No existe un precio estándar para un caso de negligencia médica (también llamada mala praxis) en la Florida. La respuesta honesta es un rango: los datos oficiales de reclamos cerrados del estado muestran pagos promedio de cientos de miles de dólares, mientras que los casos con lesiones catastróficas pueden llegar a los millones — y un puñado de reglas legales puede subir o bajar esa cifra drásticamente según quién sea el demandado y quién haya sufrido el daño.
¿Cuánto vale un caso de negligencia médica en la Florida?
Esta página explica los factores que realmente controlan el valor de un caso en la Florida en 2026: la ausencia de un tope general de daños contra demandados privados, las dos categorías de daños, los datos reales de pagos que publica el regulador estatal de seguros, los topes estrictos que protegen a los hospitales públicos, cómo se maneja la culpa compartida, y una regla de muerte por negligencia única de la Florida que las familias necesitan conocer desde el principio.
Silva & Silva, una firma de Coral Gables fundada en 1992 por los hermanos Carlos E. Silva y Jorge E. Silva, tiene resultados publicados por más de $131 millones en recuperaciones por negligencia médica, incluyendo una recuperación de $70 millones, un laudo arbitral de $25 millones y resultados de $14 millones, $13 millones y $9.35 millones. Los resultados pasados no garantizan un resultado similar. Hable con nuestros abogados de negligencia médica para una evaluación gratuita de su caso.
La Florida no tiene un tope general sobre los daños compensatorios — contra demandados privados
Durante años, las leyes de la Florida limitaban los daños no económicos en casos de negligencia médica. Esos topes generales ya no existen. En McCall v. United States (2014), la Corte Suprema de la Florida anuló los topes en casos de muerte por negligencia, y en North Broward Hospital District v. Kalitan (2017) los anuló en casos de lesiones personales, al concluir que violaban la cláusula de igual protección de la Constitución de la Florida.
El resultado práctico: en un juicio civil ordinario contra un proveedor privado, ningún tope legal general recorta automáticamente una condena compensatoria. Una condena de $10 millones por dolor y sufrimiento contra un cirujano privado no se reduce por un tope de daños — aunque lo que la familia finalmente cobra sí puede verse afectado por la culpa comparativa, las mociones posteriores al juicio, la apelación y el seguro realmente disponible para pagar.
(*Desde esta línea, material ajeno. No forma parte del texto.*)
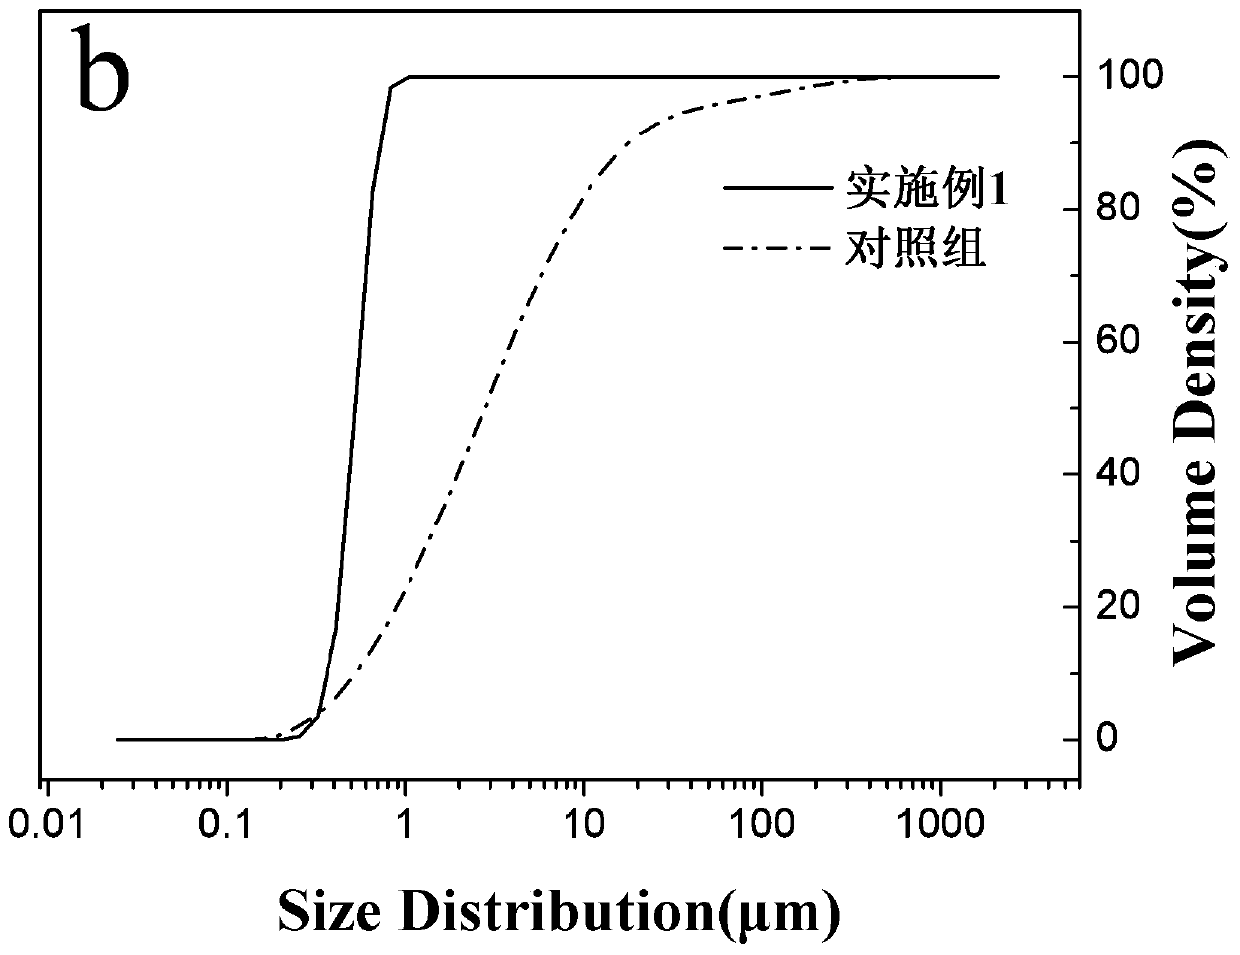 Alkali metal doped garnet type lithium lanthanum zirconium oxide powder and preparation method thereof

Conviene conocer dos límites. Primero, la decisión sobre el arbitraje del Capítulo 766 corta en ambos sentidos: elegir el arbitraje vinculante voluntario bajo Fla. Stat. § 766.207 cambia la pelea sobre la culpa por límites a los daños — incluido un tope a los daños no económicos — y rechazar la oferta de arbitraje de un demandado tiene su propio precio: los daños en el juicio quedan limitados a los daños económicos netos más un máximo de $350,000 en daños no económicos por incidente (Fla. Stat. § 766.209(4)). Esa elección es en sí una decisión de valoración. Segundo, los daños punitivos son una categoría separada de los compensatorios, con reglas y límites propios.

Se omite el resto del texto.